# Solved: Error code: 0x80800000



## raptor6847 (Feb 13, 2010)

I get this when i try to install windows 7 on my old laptop. 
Windows could not set the offline locale information. Error code: 0x80800000
tried searching online for this error, but found nothing. the laptop was dropped before. fell on its power cord side. I decided to reformat and this is the error i get. Any solution to this, or is the hdd dead?

thanks


----------



## davehc (Oct 4, 2006)

It is, at my guess, a hardware issue. A bit of a chicken or egg situation. It could be the hard drive, but don't be too hasty with your wallet, yet. With your comment, I am inclined to think that you have damaged the power supply in some way. First, have you any means to check if the battery is being charged fully. If not, then it will point to an error there. You could try, assuming you have a full charge, installing with the battery supply alone and the power disconnected, and, the other way around. Having tried all that, I would be inclined to pop the bottom off and make sure the hard disk has not been dislodged partially.


----------



## raptor6847 (Feb 13, 2010)

sorry for the late reply.
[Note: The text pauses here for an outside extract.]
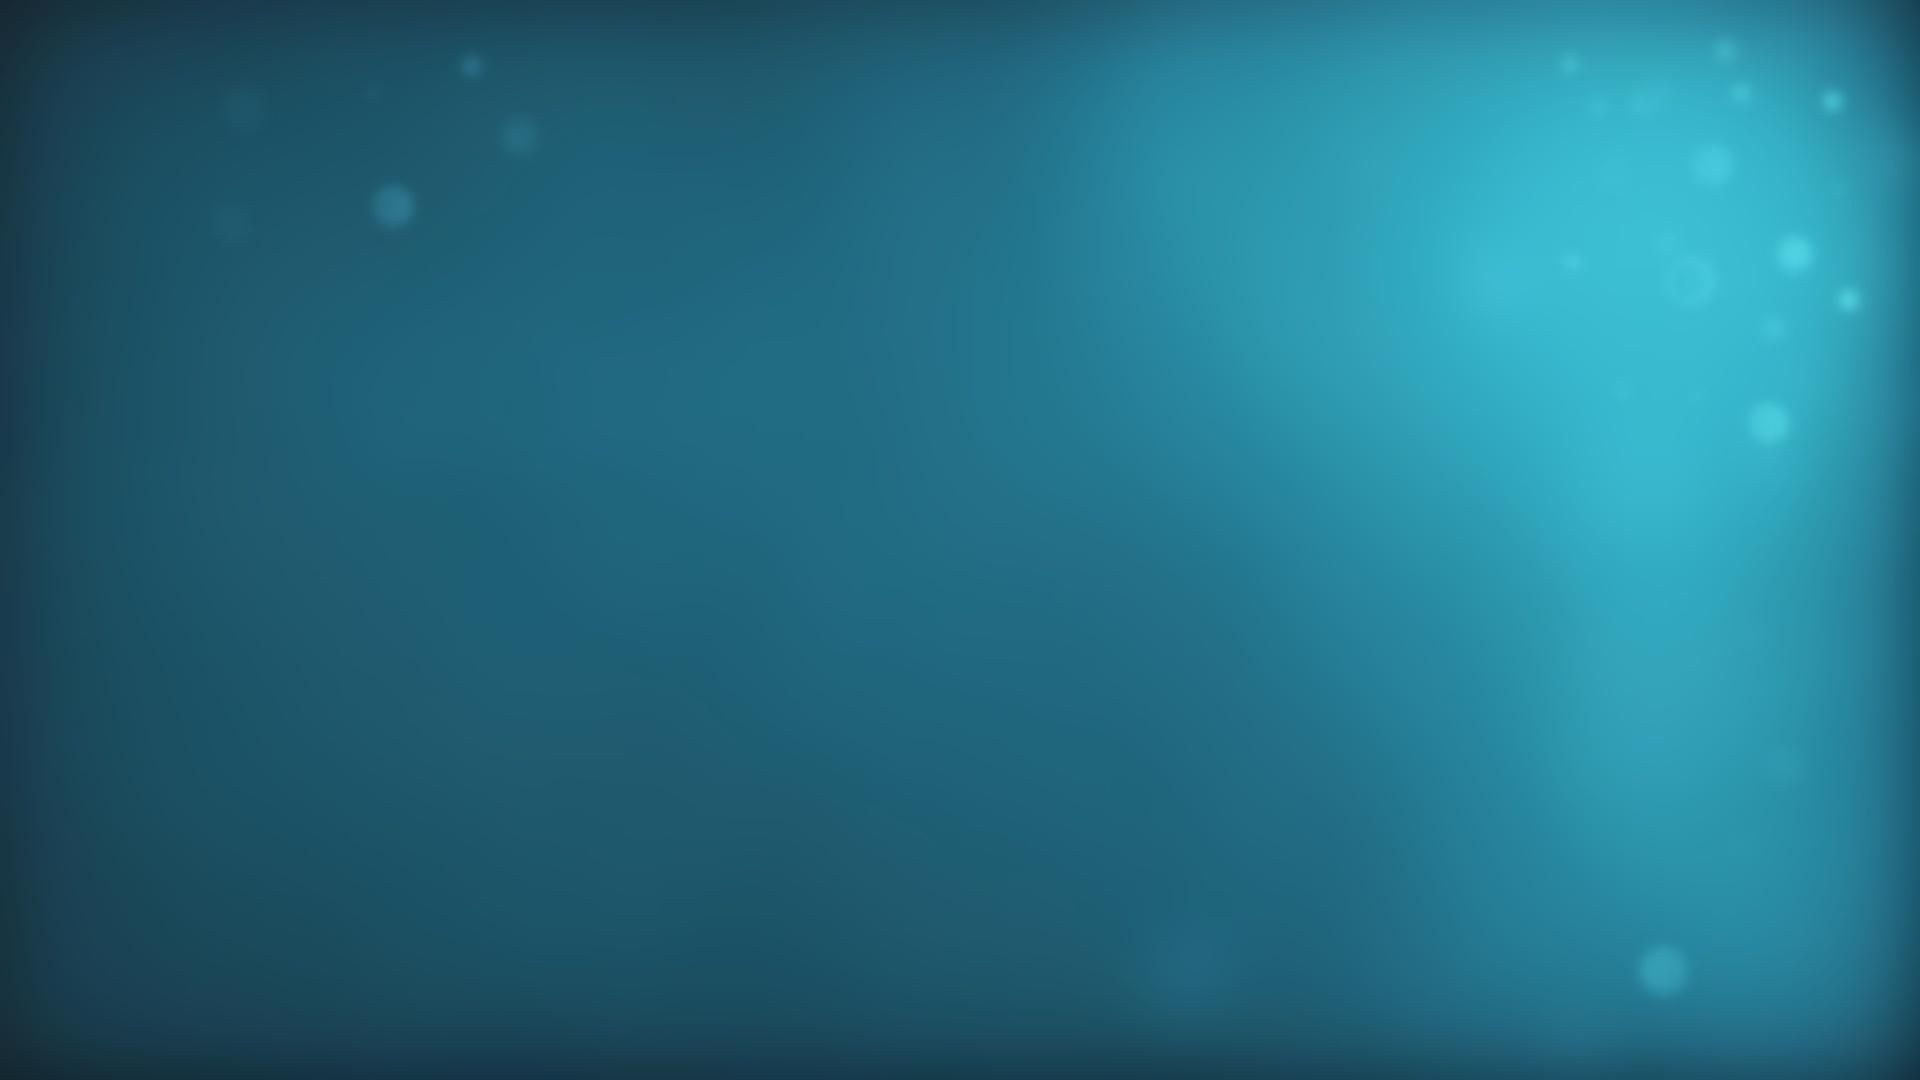 Fond D Ecran Neutre - Fond d écran
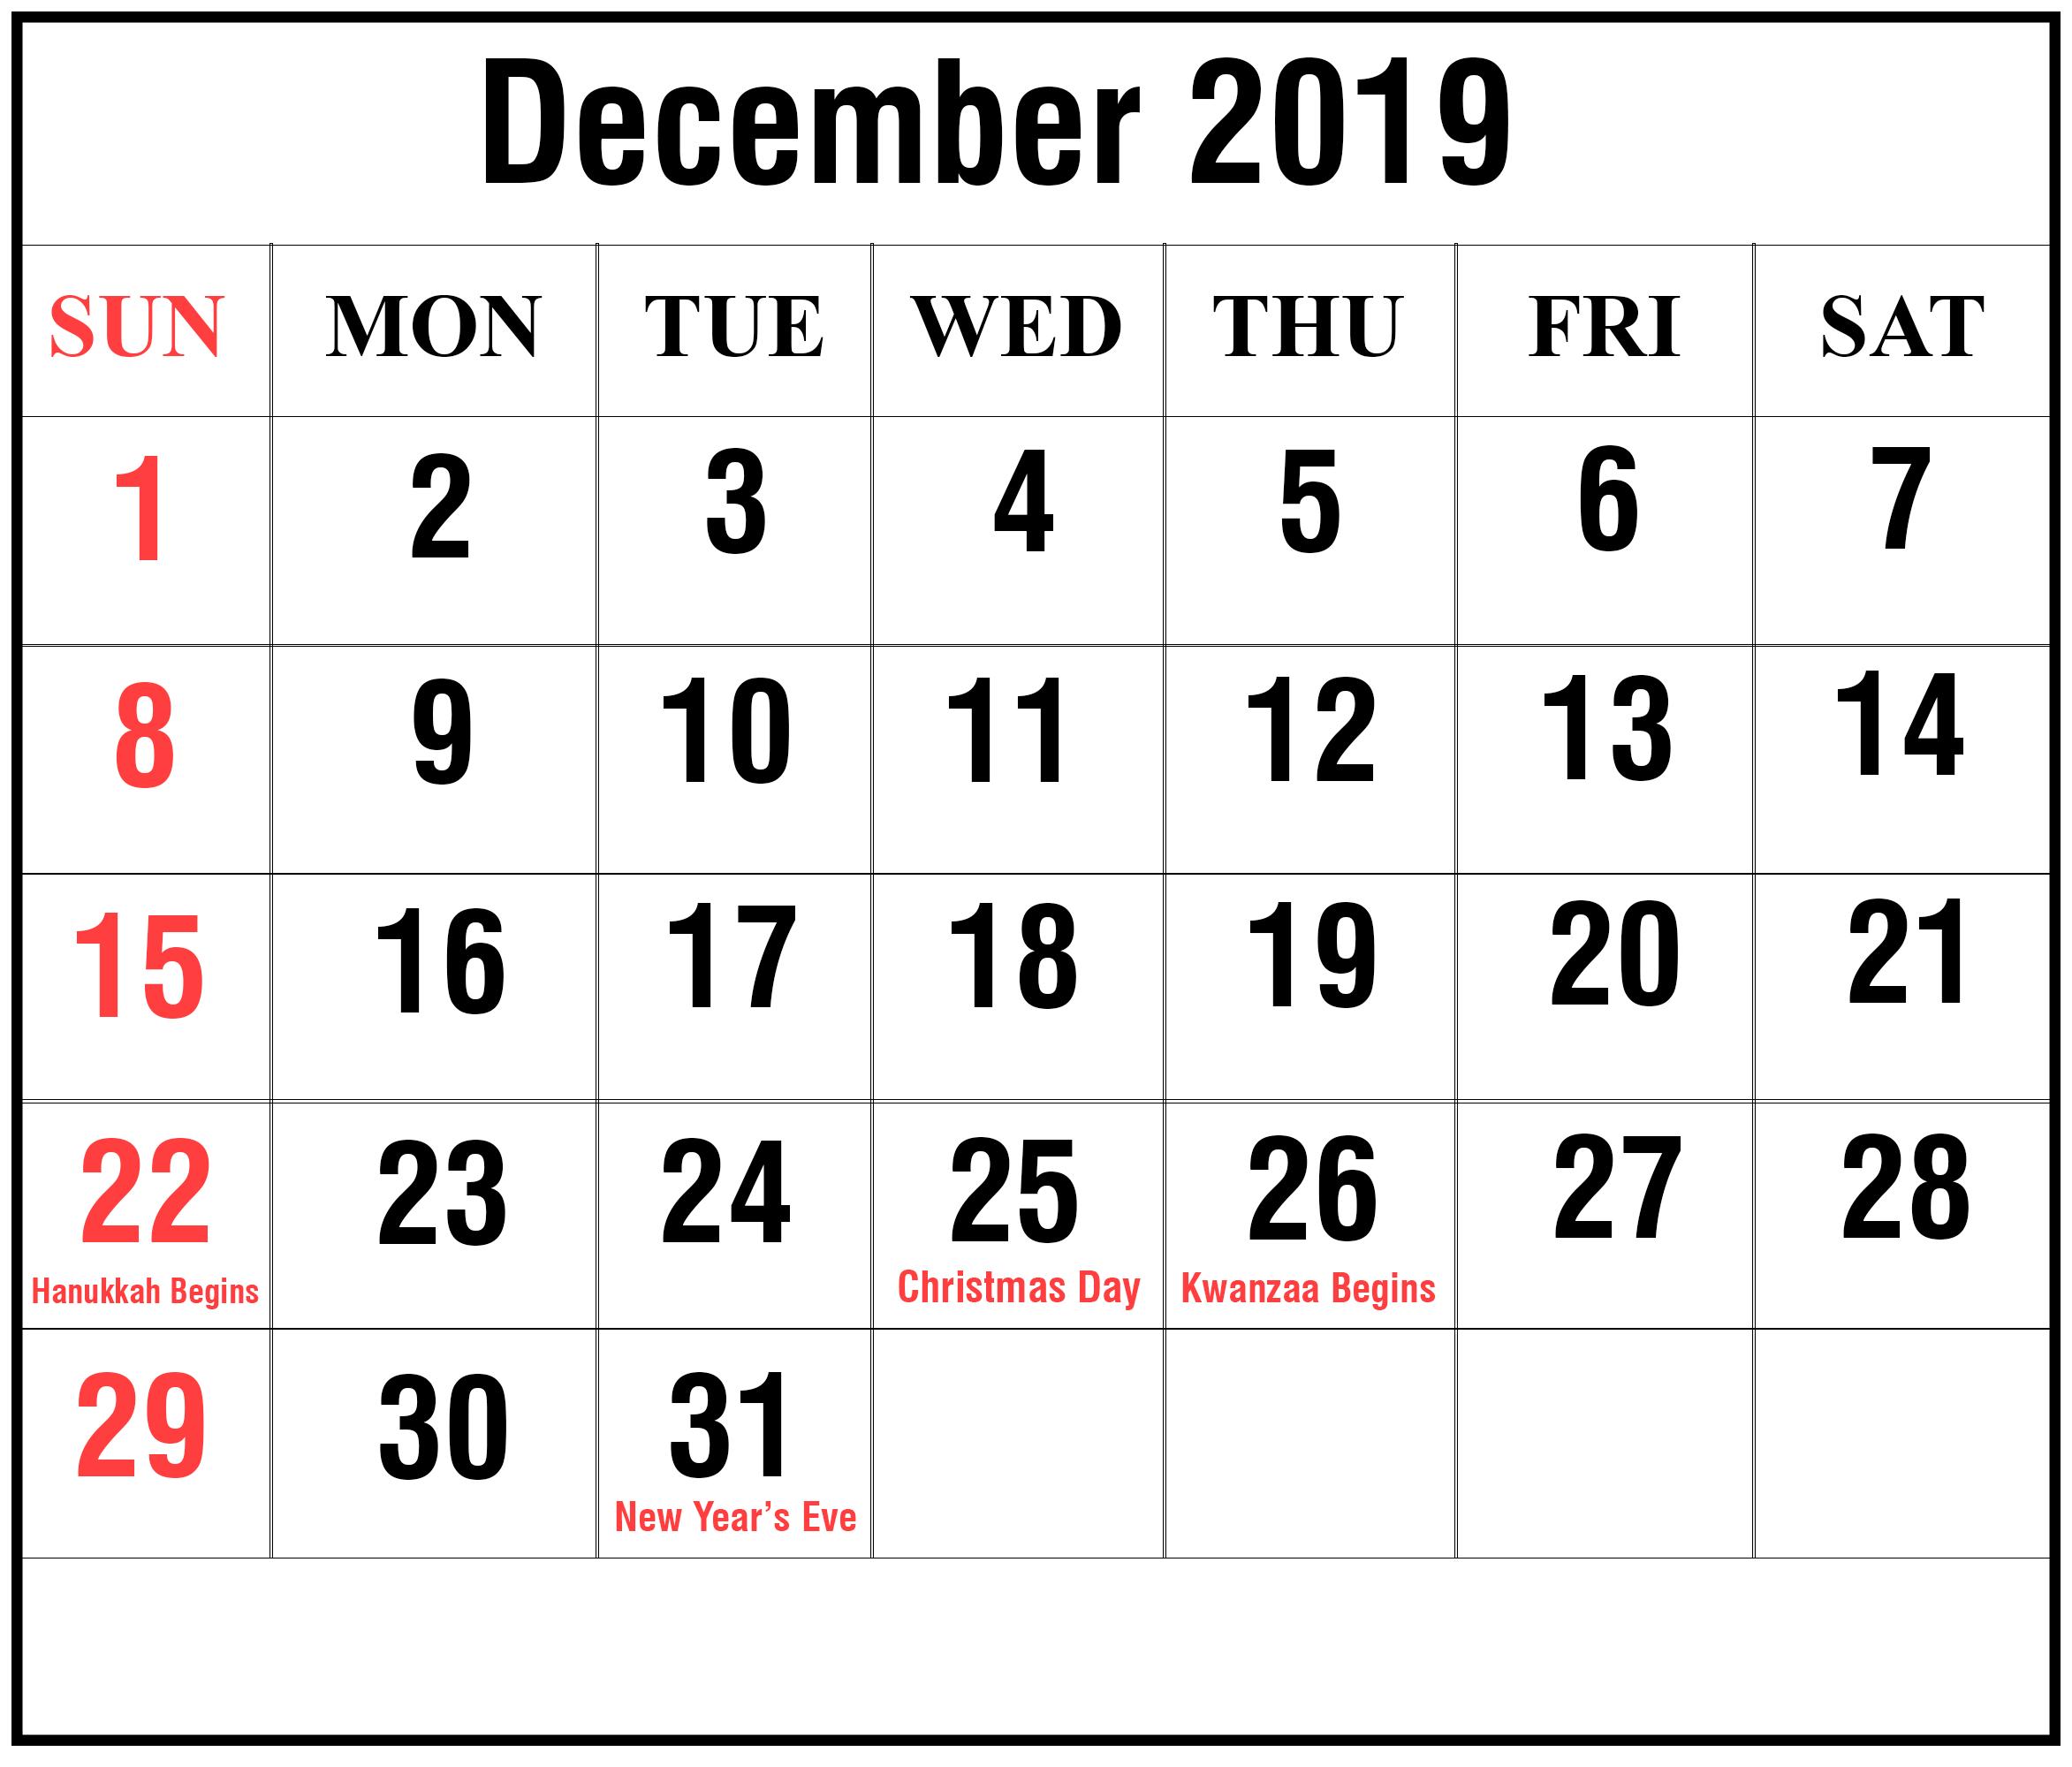 December Calendar 2019 with Holidays

The installation issues were because of my installation cd. Used a different cd and it worked perfectly. But now theres a different issue. Because the laptop was dropped, the hard drive has bad sectors and when ever i try to do something, the computer lags out for a while. Its a seagate drive, so i used the seagate HDD tool.
the short test failed, and from the long test it found bad sectors which i tried to repair using the tool. After repairing, the short DST test still failed, and every time i ran the long test it would find the bad sectors again and repair them.i also did a low level format with the same tool. But the problem still persists.
any ideas on how i can fix the bad sectors?

thanks


----------



## Megabite (Apr 5, 2008)

You cannot fix bad sectors....all that can be done is mark them as unusable....but I would suggest looking at a new Hard drive as I would not trust the one that has damage to it.


----------



## raptor6847 (Feb 13, 2010)

ok, thanks.
marking thread as solved.


----------